A handful of press releases and items in the Institute’s internal newsletter were published in the early 1970s, reporting on a promising scientific innovation developed by Sela, Arnon and their colleagues, who had ‘found that a synthetic polypeptide, which they call Copolymer-1, is apparently capable of suppressing EAE in guinea pigs, rabbits, and rhesus monkeys, but will not cause EAE in these species’. 5 The publications were released in the context of reports on research grants awarded to the scientists, and their presentations in scientific conferences. In this period, the publications referred to the nature of the invention as a scientific achievement and, accordingly, used terms that focused on the scientific process: ‘[U]sing a sensitive technique to observe the interaction between antibody and liposomes (artificial globules of fat, microscopic in size, to which antibodies may attach), the scientists hope to learn more about immune reactions specific towards protein and lipid (fatty) components of myelin’. 6 The publications also incorporated rhetoric from medical discourse that conveys vague therapeutic potential with a highly impressive aim: ‘suppress the disease’, ‘combating disease’ or ‘implications for treatment’.
Notably, none of the publications in this period mentions that when the scientists realized that they had uncovered a potential therapy for MS, they turned to Yeda, the Institute’s technology transfer company, which in 1971–1972 submitted patent applications for the copolymer in Israel and abroad. Although Yeda was established in 1959, its main area of activity in this period was the production of laboratory research materials, instruments and research contracts with industry. IP protection was a relatively minor activity.
7
As discussed above, during this time period, the patenting of research results was not an accepted norm among Institute scientists.

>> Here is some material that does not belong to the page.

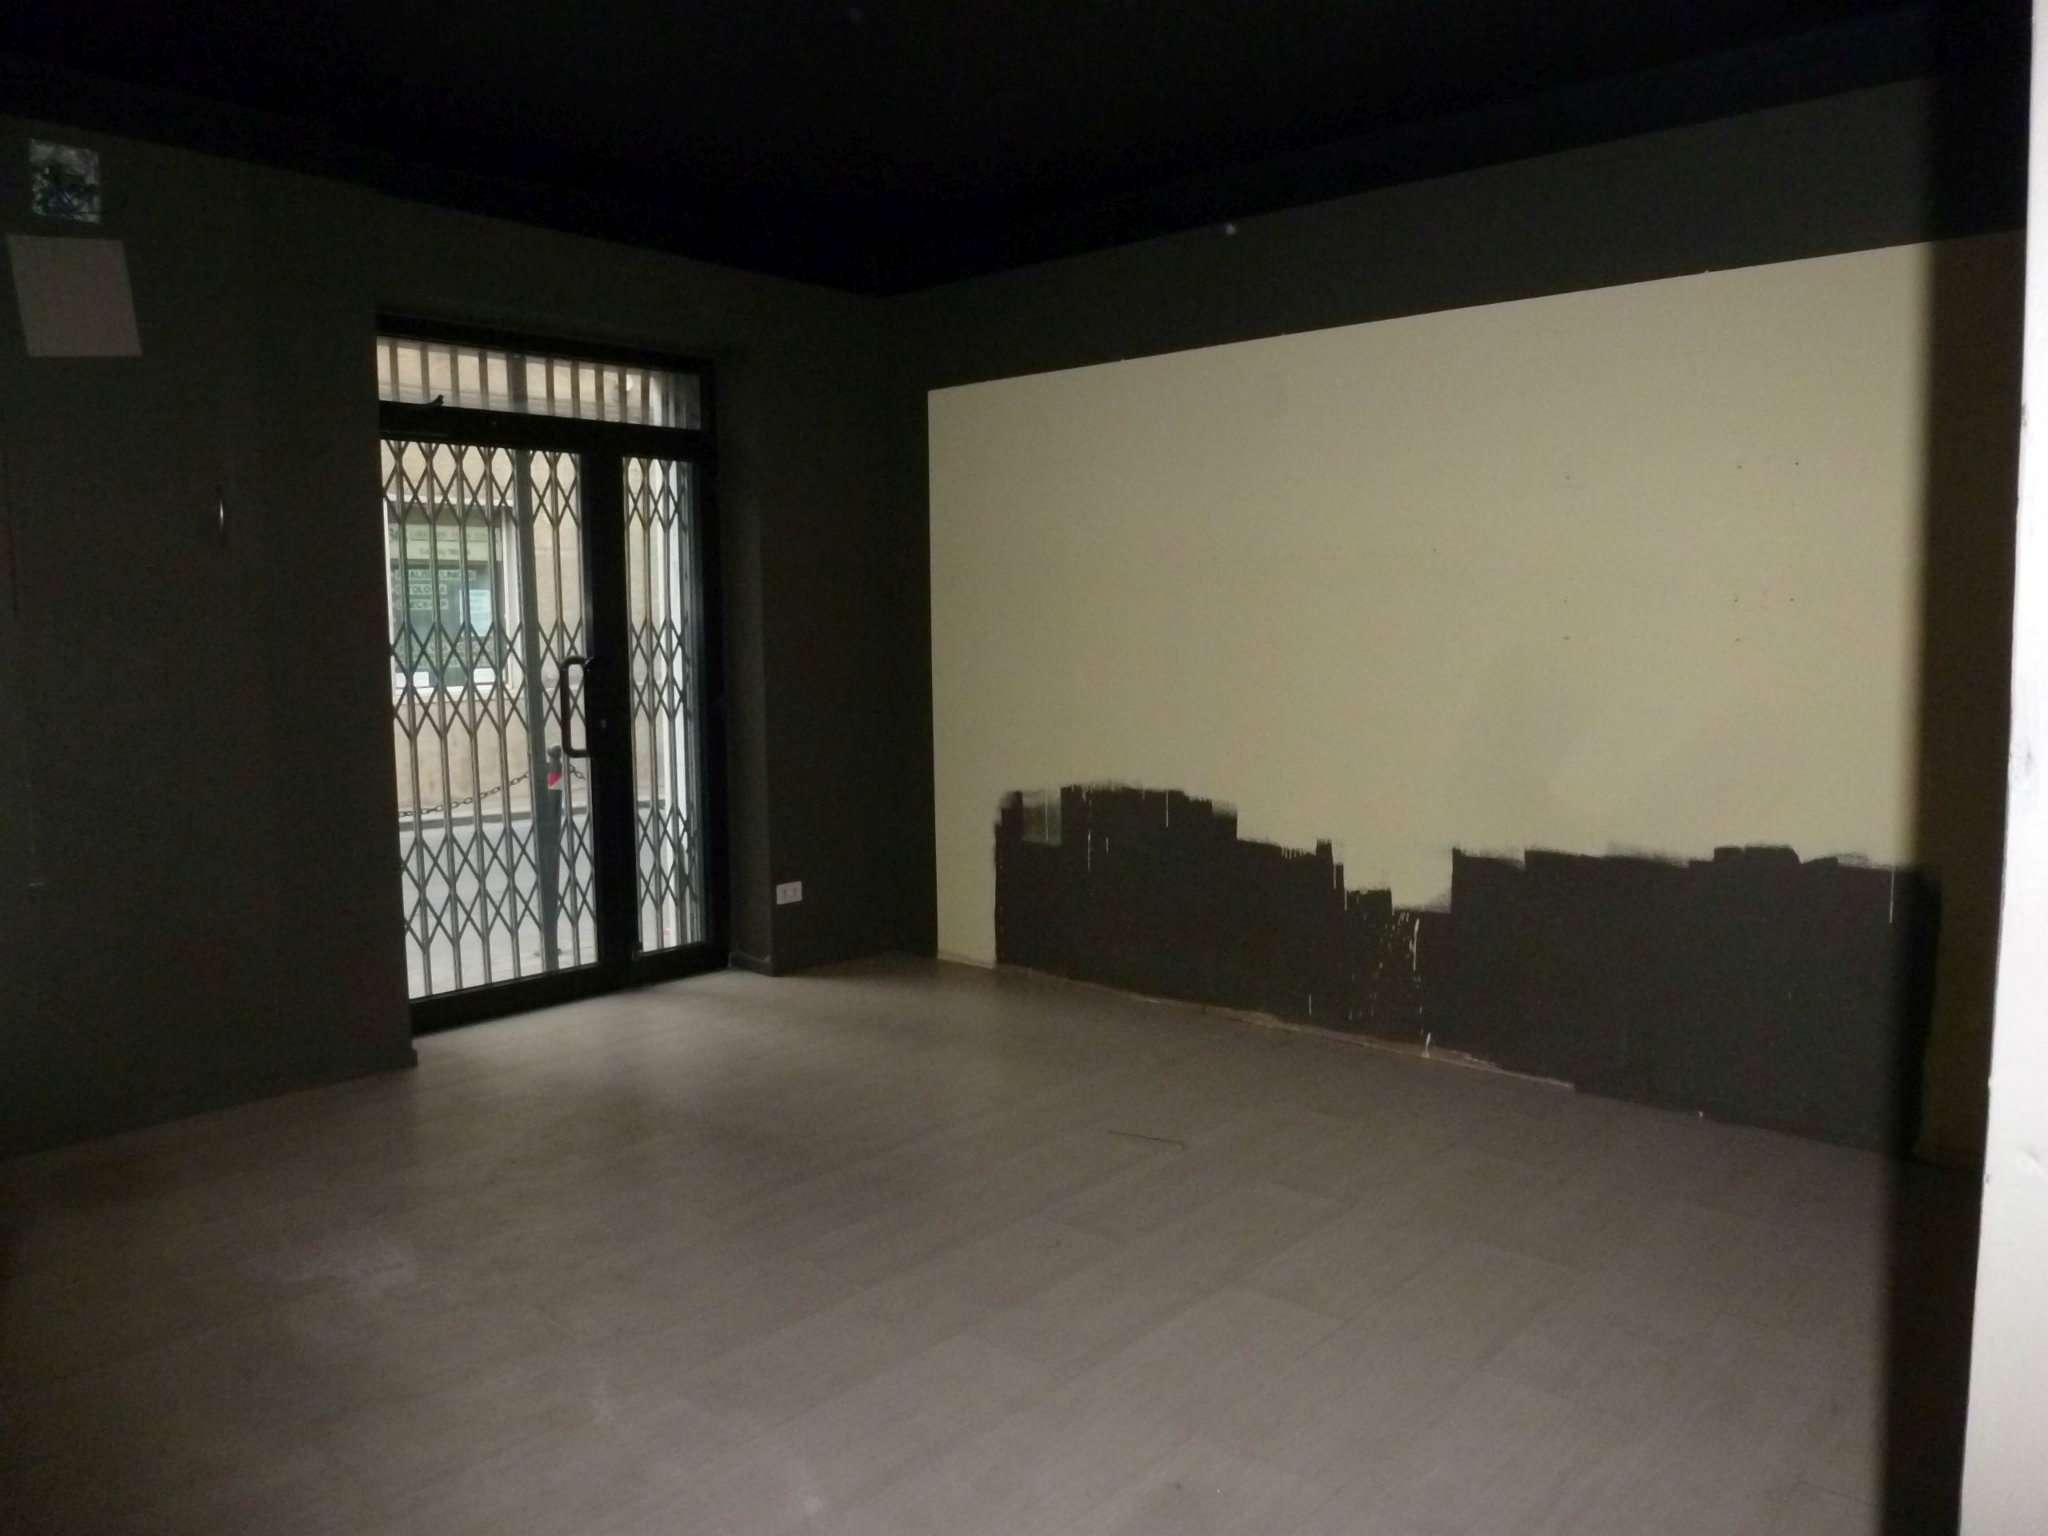 Negozio / Locale in vendita a Campomorone, 1 locali, prezzo € 80.000 | CambioCasa.it

One rationale for avoiding patenting stemmed from the view that the mission of universities was to create knowledge for the public good. Another common concern was the implication for personal scientific reputation. Describing the atmosphere at the Institute in the early 1970s, Sylvia Flowers, who was the secretary of the Institute’s President in the years 1967–1970 (Flowers, 1975: 238, 243), wrote in her dissertation, As long as external research grants were assured, no great enthusiasm for the scheme was shown by the scientists, and Yeda has never proved to be the hoped-for panacea for Institute financial ills nor has it been instrumental in integrating the scientists more fully in the technological, industrial and pharmacological scene. Their interest has not been engaged, neither has their insularity been breached …. Intellectual snobbery may be an acknowledged factor in the patent disinterest shown.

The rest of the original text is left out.